GGRt: Towards Generalizable 3D Gaussians without Pose Priors in Real-Time

This paper presents GGRt, a novel approach to generalizable novel view synthesis that alleviates the need for real camera poses, complexity in processing high-resolution images, and lengthy optimization processes, thus facilitating stronger applicability of 3D Gaussian Splatting (3D-GS) in real-world scenarios. Specifically, we design a novel joint learning framework that consists of an Iterative Pose Optimization Network (IPO-Net) and a Generalizable 3D-Gaussians (G-3DG) model. With the joint learning mechanism, the proposed framework can inherently estimate robust relative pose information from the image observations and thus primarily alleviate the requirement of real camera poses.
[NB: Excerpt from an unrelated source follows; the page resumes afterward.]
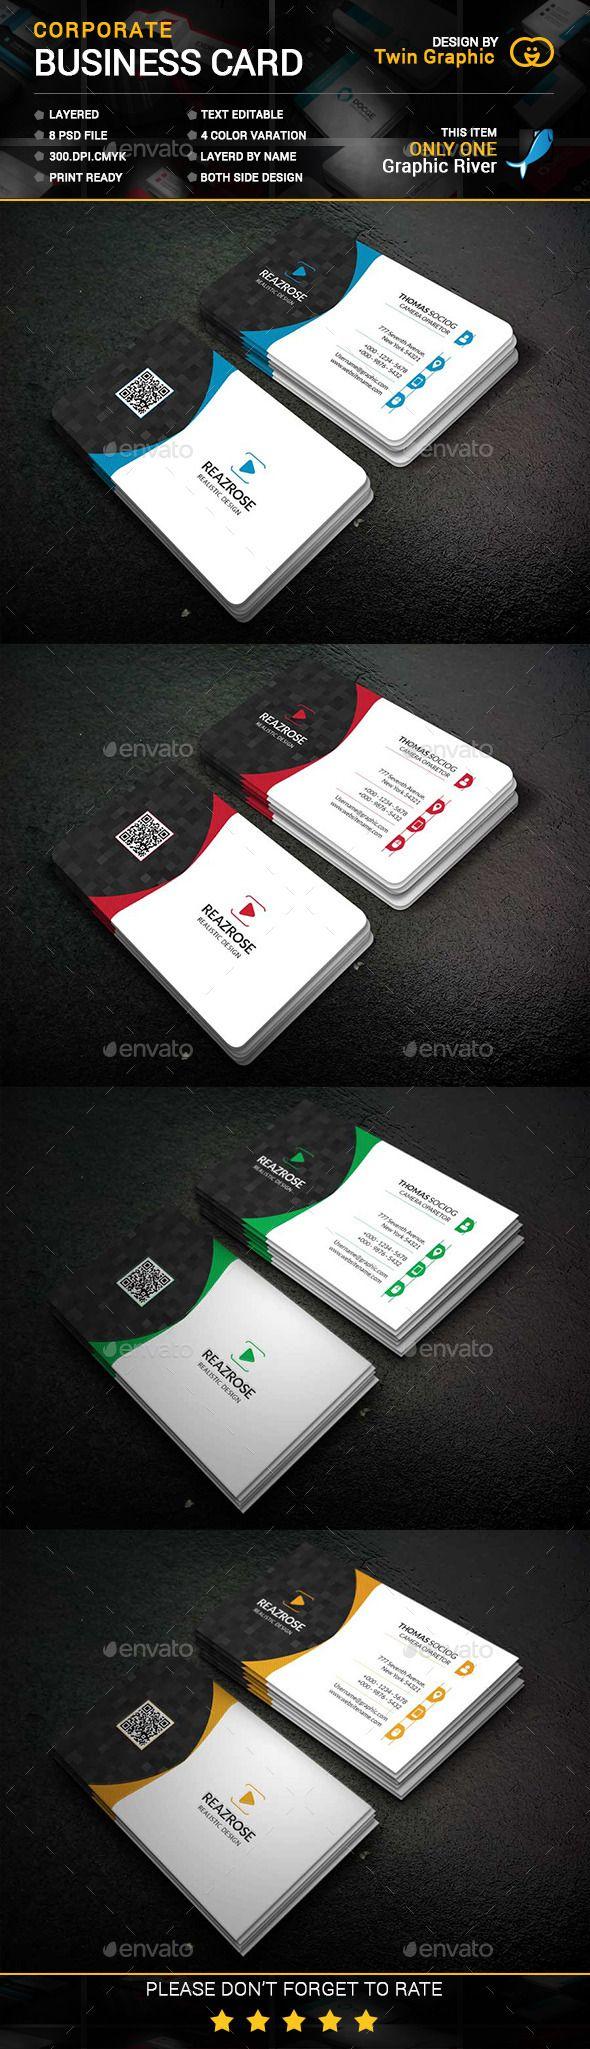 116 best Business card images on Pinterest | Visit cards, Print ...

Moreover, we implement a deferred back-propagation mechanism that enables high-resolution training and inference, overcoming the resolution constraints of previous methods. To enhance the speed and efficiency, we further introduce a progressive Gaussian cache module that dynamically adjusts during training and inference. As the first pose-free generalizable 3D-GS framework, GGRt achieves inference at $\ge$ 5 FPS and real-time rendering at $\ge$ 100 FPS. Through extensive experimentation, we demonstrate that our method outperforms existing NeRF-based pose-free techniques in terms of inference speed and effectiveness. It can also approach the real pose-based 3D-GS methods. Our contributions provide a significant leap forward for the integration of computer vision and computer graphics into practical applications, offering state-of-the-art results on LLFF, KITTI, and Waymo Open datasets and enabling real-time rendering for immersive experiences.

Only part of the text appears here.